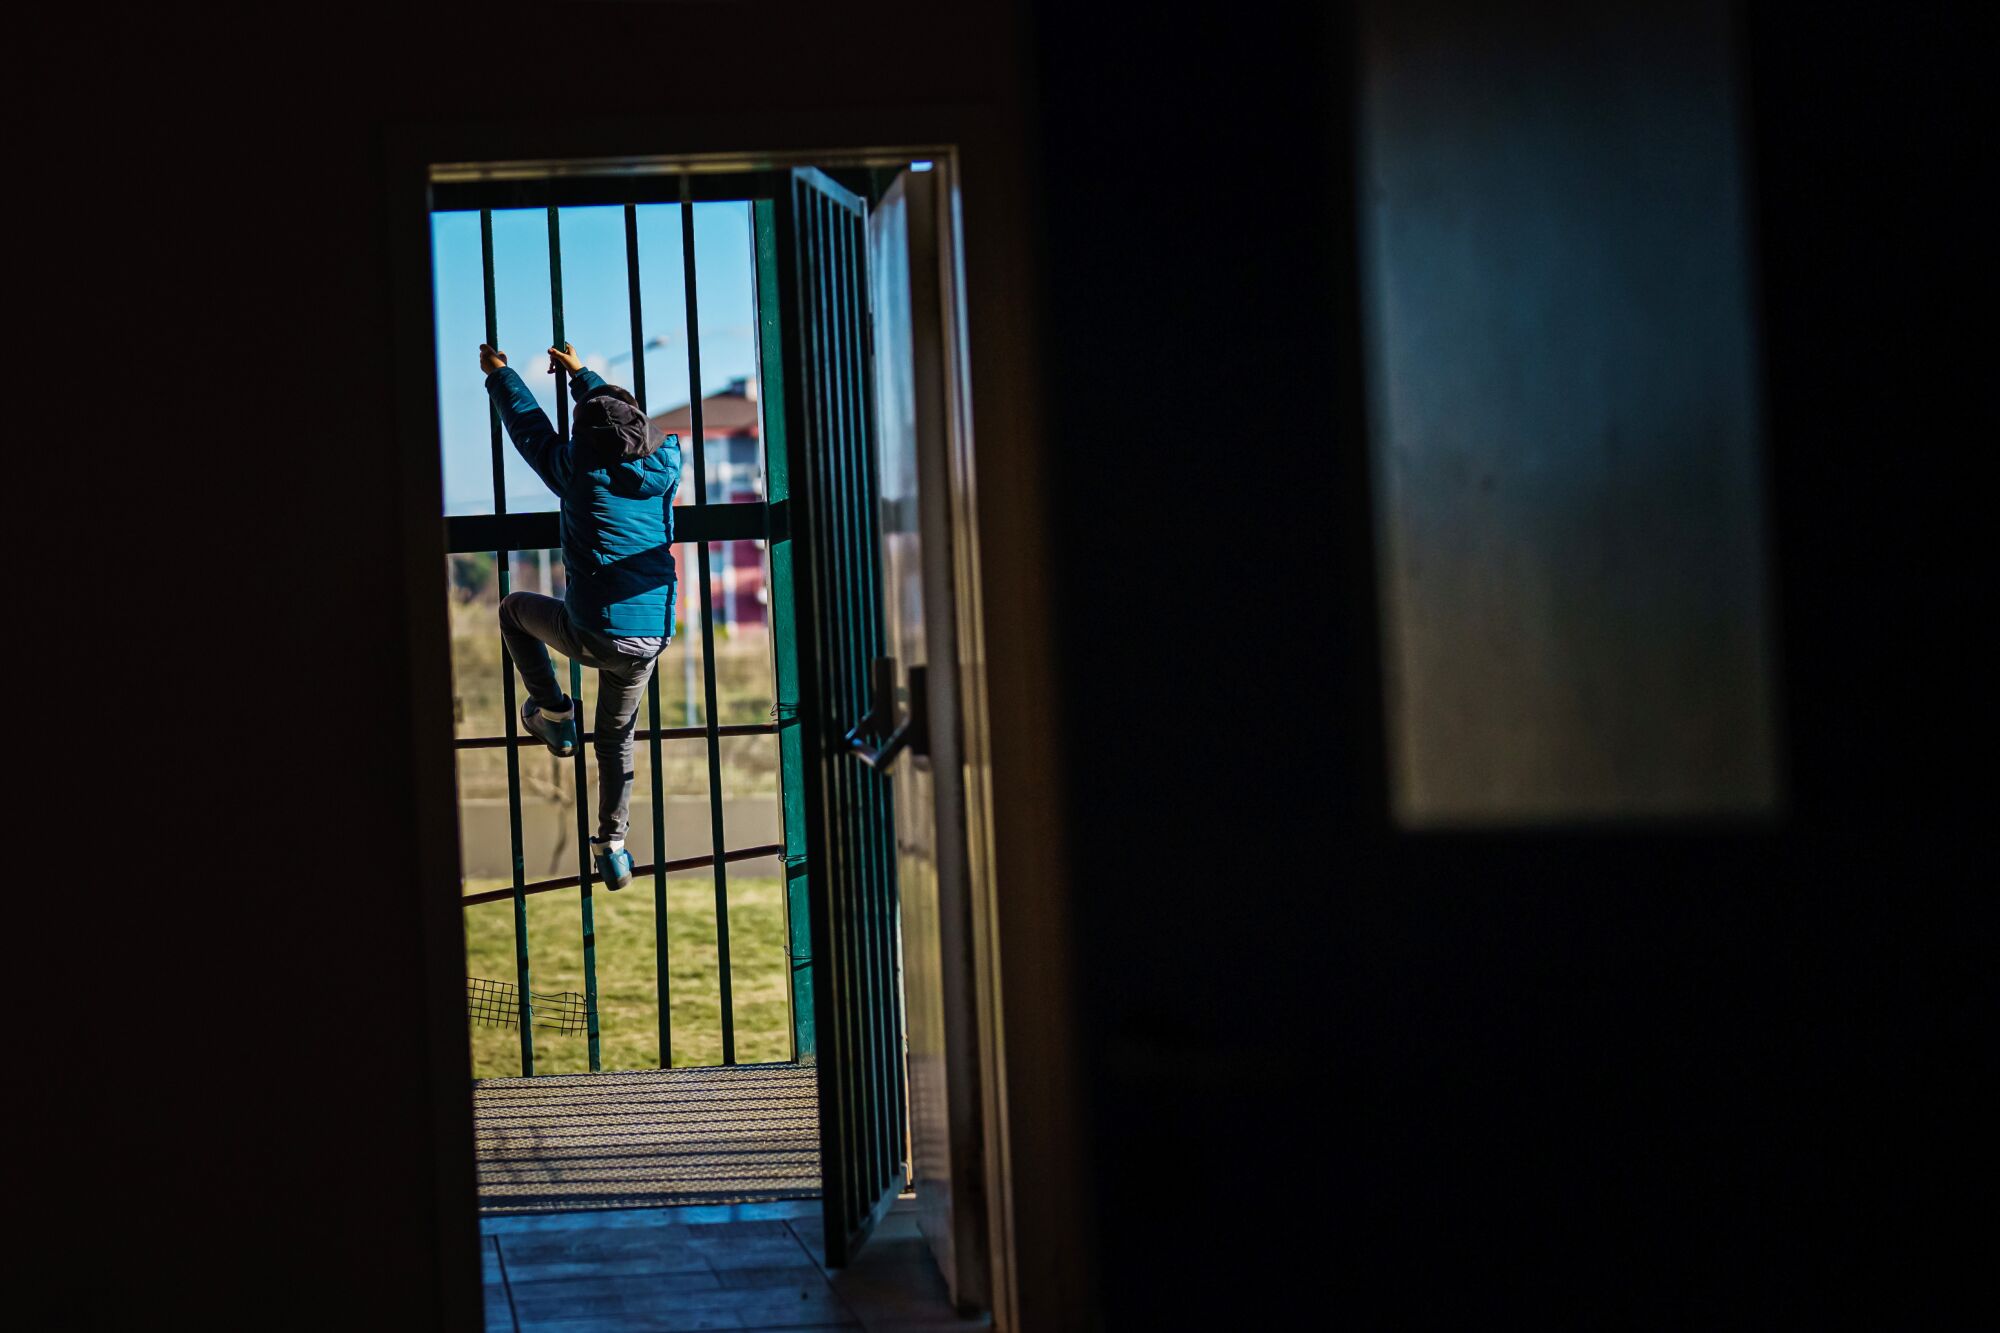 Seen through an open door, a child climbs a tall metal fence.
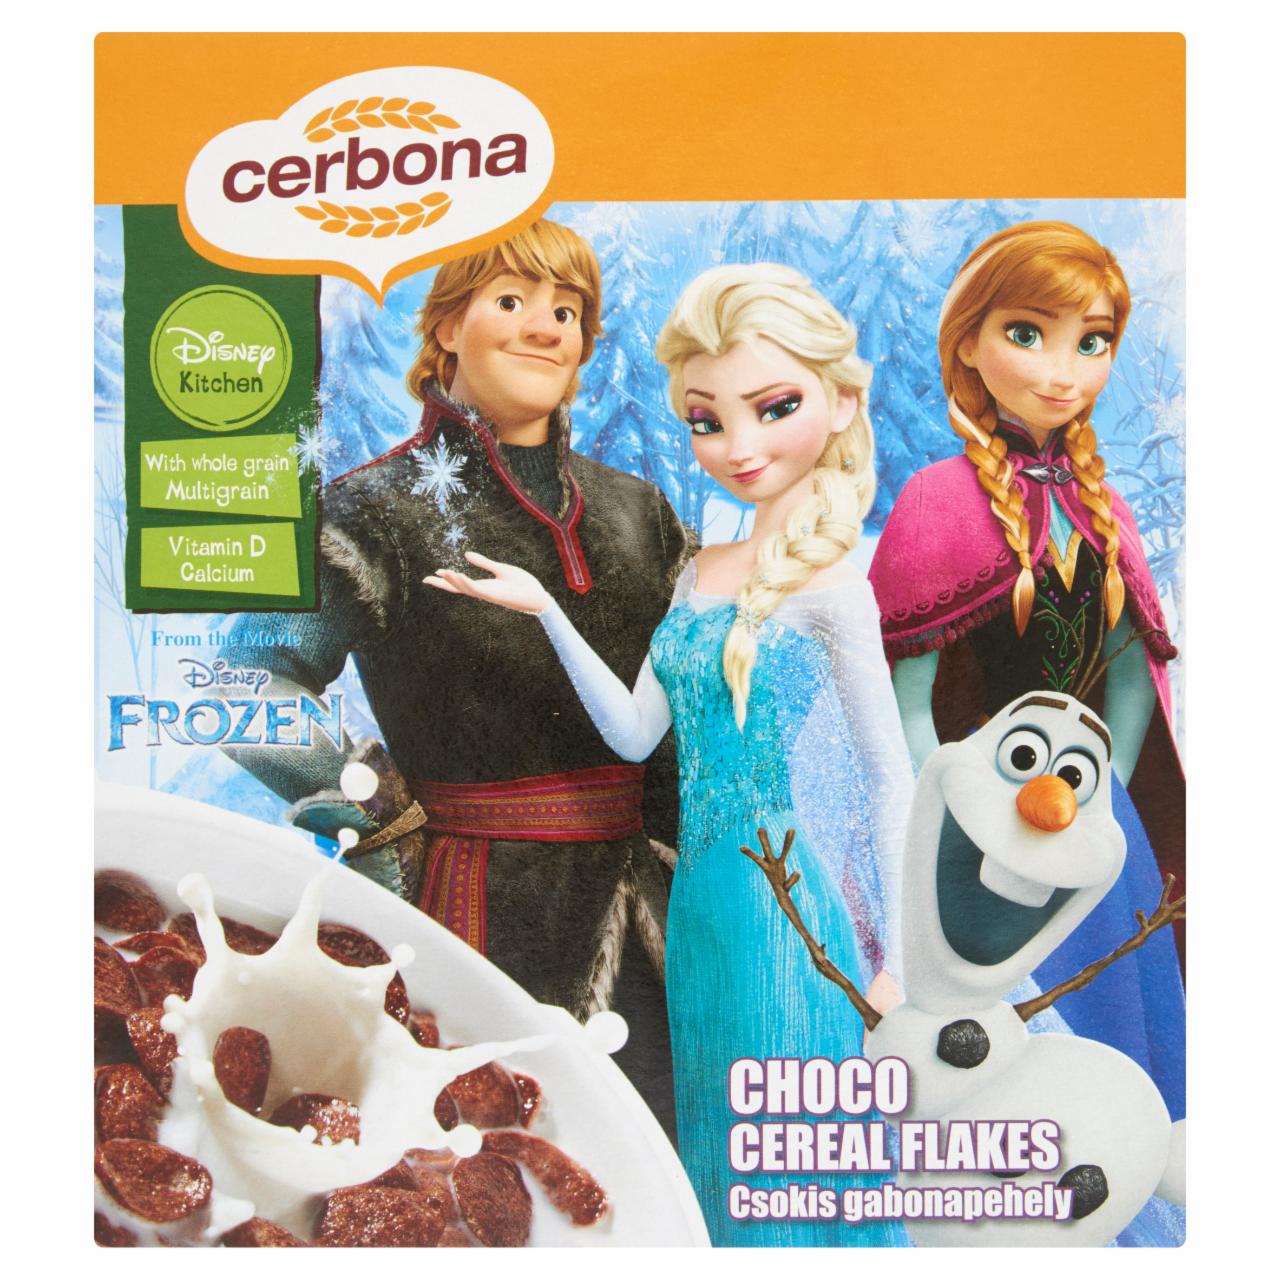 Képek - Cerbona Disney Frozen csokis gabonapehely 225 g
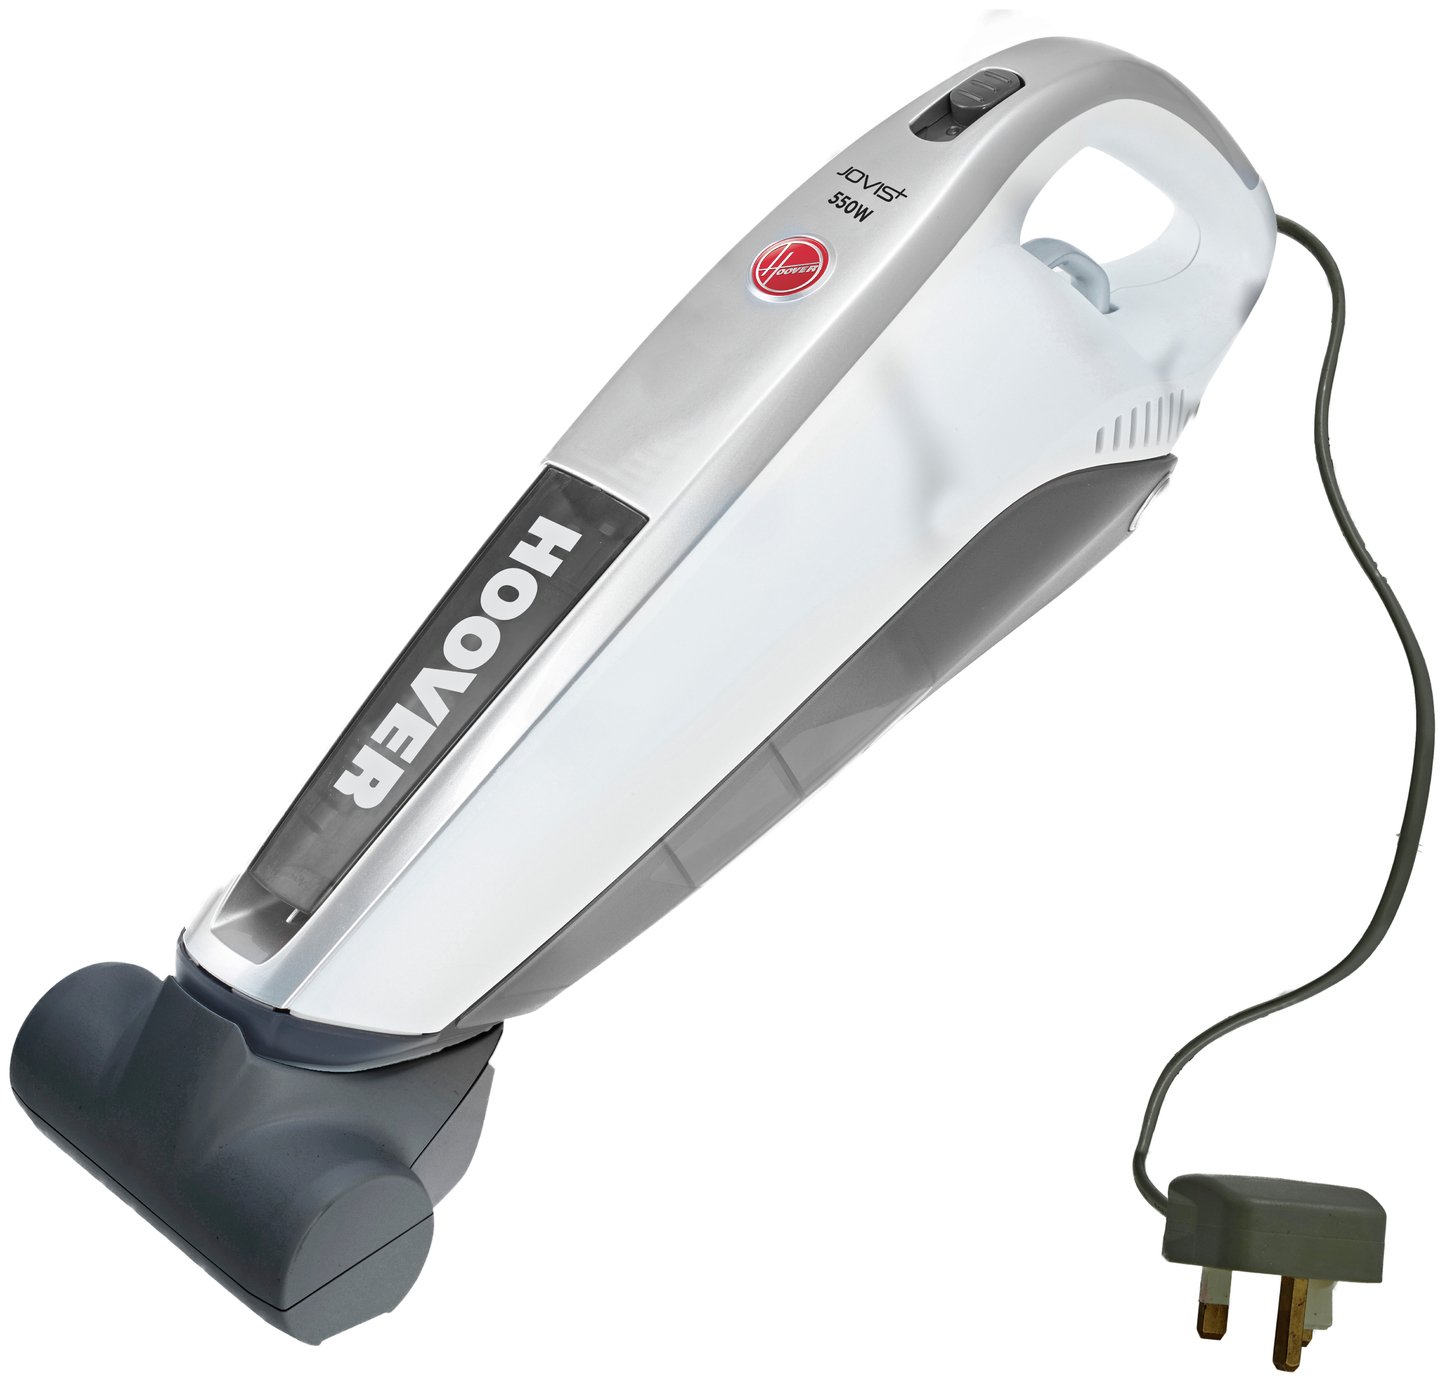 Hoover SM550AC Jovis + Pet Corded Handheld Vacuum Cleaner

Prompt =>
The required response consists solely of the lines from the line containing "Képek - Cerbona" through the end of the listing, both ends included, copied exactly without pictures.

Exercise output =>
 Képek - Cerbona Disney Frozen csokis gabonapehely 225 g
 Hoover SM550AC Jovis + Pet Corded Handheld Vacuum Cleaner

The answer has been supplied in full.